Boston University. 2009. Fall. I am a senior and have about four credits worth of actual classes and 26 credits of drinking and partying. But then the worst thing possible occurs: I fall in love.
And I mean IN LOVE! Can’t eat, walk differently, wanna start volunteering in love. She was quite perfect in my eyes and she thought very highly of me as well. It was a relationship based on giving to each other as much as possible, and it doesn’t get much better than that.
The relationship was amazing and intense, but also very new. After a month of bliss I wanted to tell her I loved her. And that brings us to the night when I lost my mind, and nearly my college sweetheart…
I was drinking. Weird, right? Girls, if you haven’t noticed by now, that’s usually the beginning to every story that ends in shame and regret, just a not-fun fact. Anyways, Katie (let’s call her that) decided to stay in that night. Nothing too crazy. She was low-key and the type of girl who preferred a glass of wine and a bad Jennifer Aniston movie over the typical college-shenanigans scene. Guess what I preferred…
So I get to the bar with my usual crew and over the course of $2 Pabsts, Jager, and the obligatory “We’re graduating soon!” conversations, we are all feeling lubricated and have a sense of urgency. You remember the urgency I’m talking about. Something happens in your brain where you tell yourself you will never, ever for the rest of your time on this beautiful blue earth have fun again…ever. So what do we tell ourselves? PACK IT IN! QUICKLY! TIME IS RUNNING OUT! At least that’s what the final SoCo and Lime was telling me around midnight. I could almost feel the miniature red devil on my shoulder whispering in Animal House-style: “Do exactly the opposite of the right thing!” And that’s exactly what I did.
Do you understand my thinking? It makes all the sense in the world while no sense at all. It was a perfect boozestorm of thinking that I won’t get married anytime soon, youth is supposed to be the time to solely have fun, and am I really gonna stay with this girl until were both old and grey? I can still remember it like it just happened. The thought: “Wait, I’m not ready to marry this girl. I may love her and she may be perfect, but it’s my senior year, I need to enjoy myself!” And then it spiraled. I remember the exact place I was standing dividing the dance floor and the bar. I stood there and convinced myself that I wouldn’t squander my youth and it was hook-up time. It was that simple.
I grabbed the hand of a girl that I knew would grab my hand back. I led her to the middle of the flashing blue, purple, and green lights and as the house music peaked and then dropped, I made eye contact. The kiss was over nearly as quickly as it began. The kind of quickness that makes you question if it actually happened. I always arrived at the same stupid answer: it did happen. It didn’t matter which way I cut it…it happened.
A few seconds of sloppy, stupid making out and then I was suddenly frozen in place as my body took control. It sent my feet running towards the exit. No explanation to the girl or crew I came with. My body informed my mind—It’s time to go home, and get there as fast as you can.

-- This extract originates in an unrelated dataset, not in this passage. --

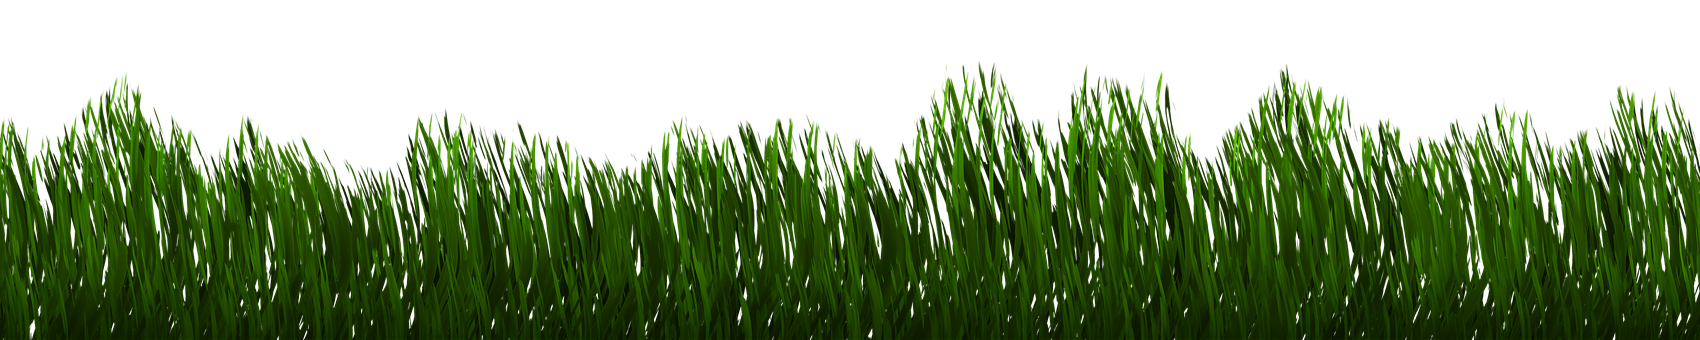 A Close Up Of Grass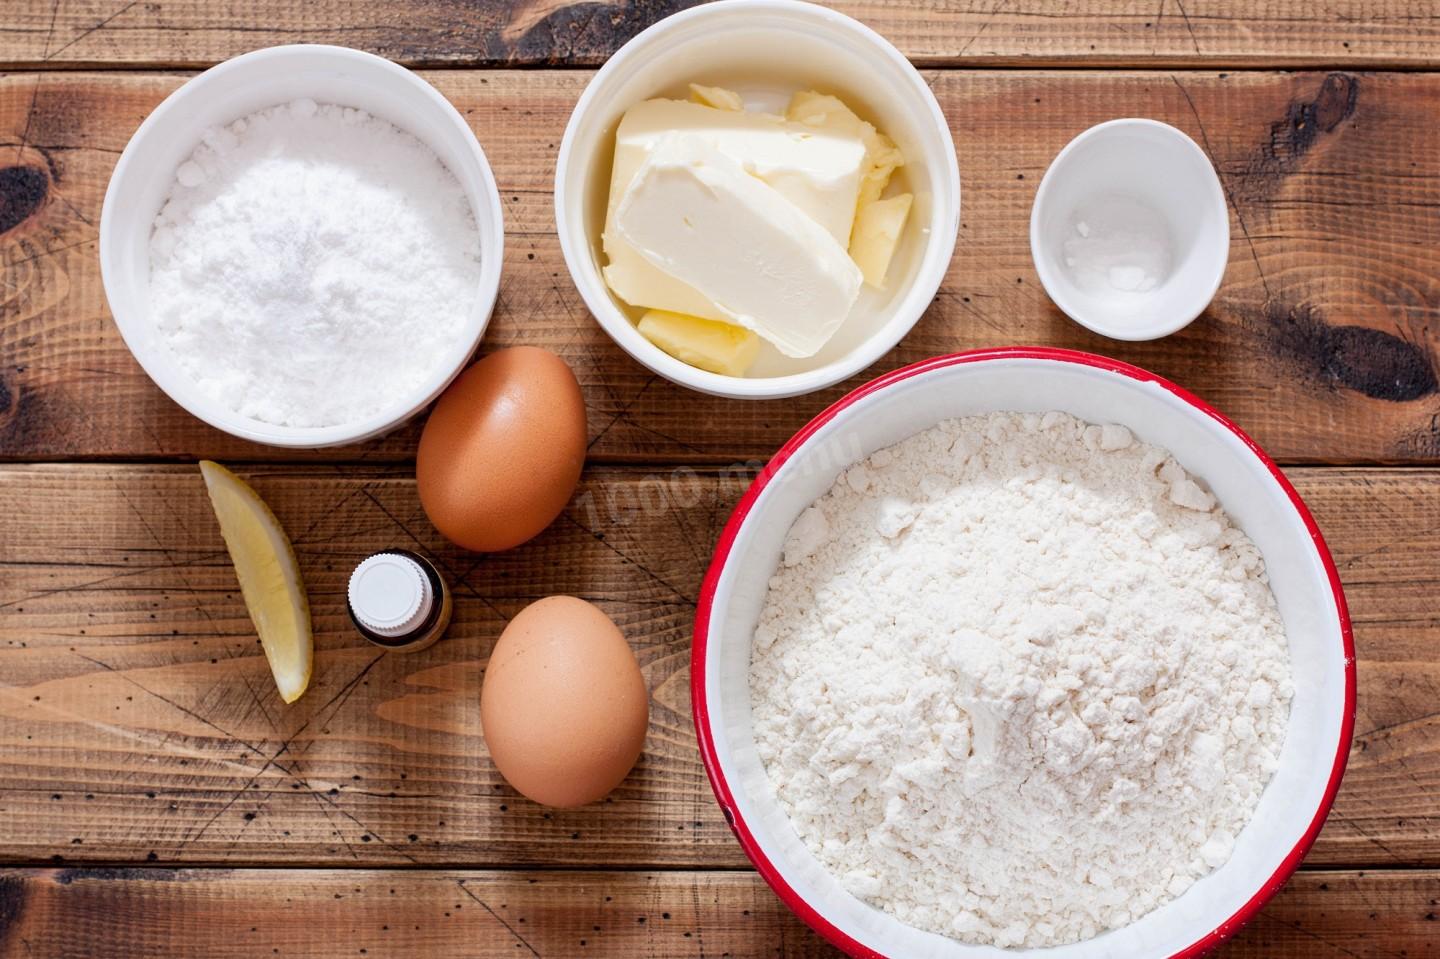 Кефир 1 яйцо мука сахар. Подготовка ингредиентов. Мука сода яйца и сахар. Яйца мука сахар сода готовить пирог. Съедобная свеча из сливочного масла.

It seemed like the cab was waiting just for me and I jumped inside and told him my address with a voice that must have been choking with anxiety. I threw cash at him when we arrived back at my high rise, ran upstairs, jumped into bed, called Katie and told her everything that I just did.
Right about now you may be wondering why I did it, why I risked losing a girl who I had spent months trying to win over. Why I almost threw it all away when our relationship was in a strong, solid place, when I finally had her hard-earned love. The short answer is simply that I freaked out.
The moment a guy decides to commit to a girl, he instinctively thinks of all the girls he may be missing out on. I think that’s the root of what society calls a guy’s “commitment issues.” A guy will say it’s not natural to be with one girl or he’s scared he’s missing out on something else brighter and shinier. It’s like a deep version of FOMO. That is the reason. Every guy feels this way at some point.
The idea is to get over it, to know this is a natural, unfortunate instinct and not a real feeling. It’s something we dudes feel probably through some sort of evolutionary survival-of-the-fittest kind of thing that I am not equipped to, nor have any interest in, getting into. The point is that it exists.
Guys will eventually realize that the brighter, shinier object that they have convinced themselves they’re “missing out on” doesn’t exist. And if she did, she would only have that sparkle for as long as his short-sighted brain would allow. In all likelihood what he’s looking for is right in front of him waiting to give him what we all want: comfort, home, love, reliance, purpose.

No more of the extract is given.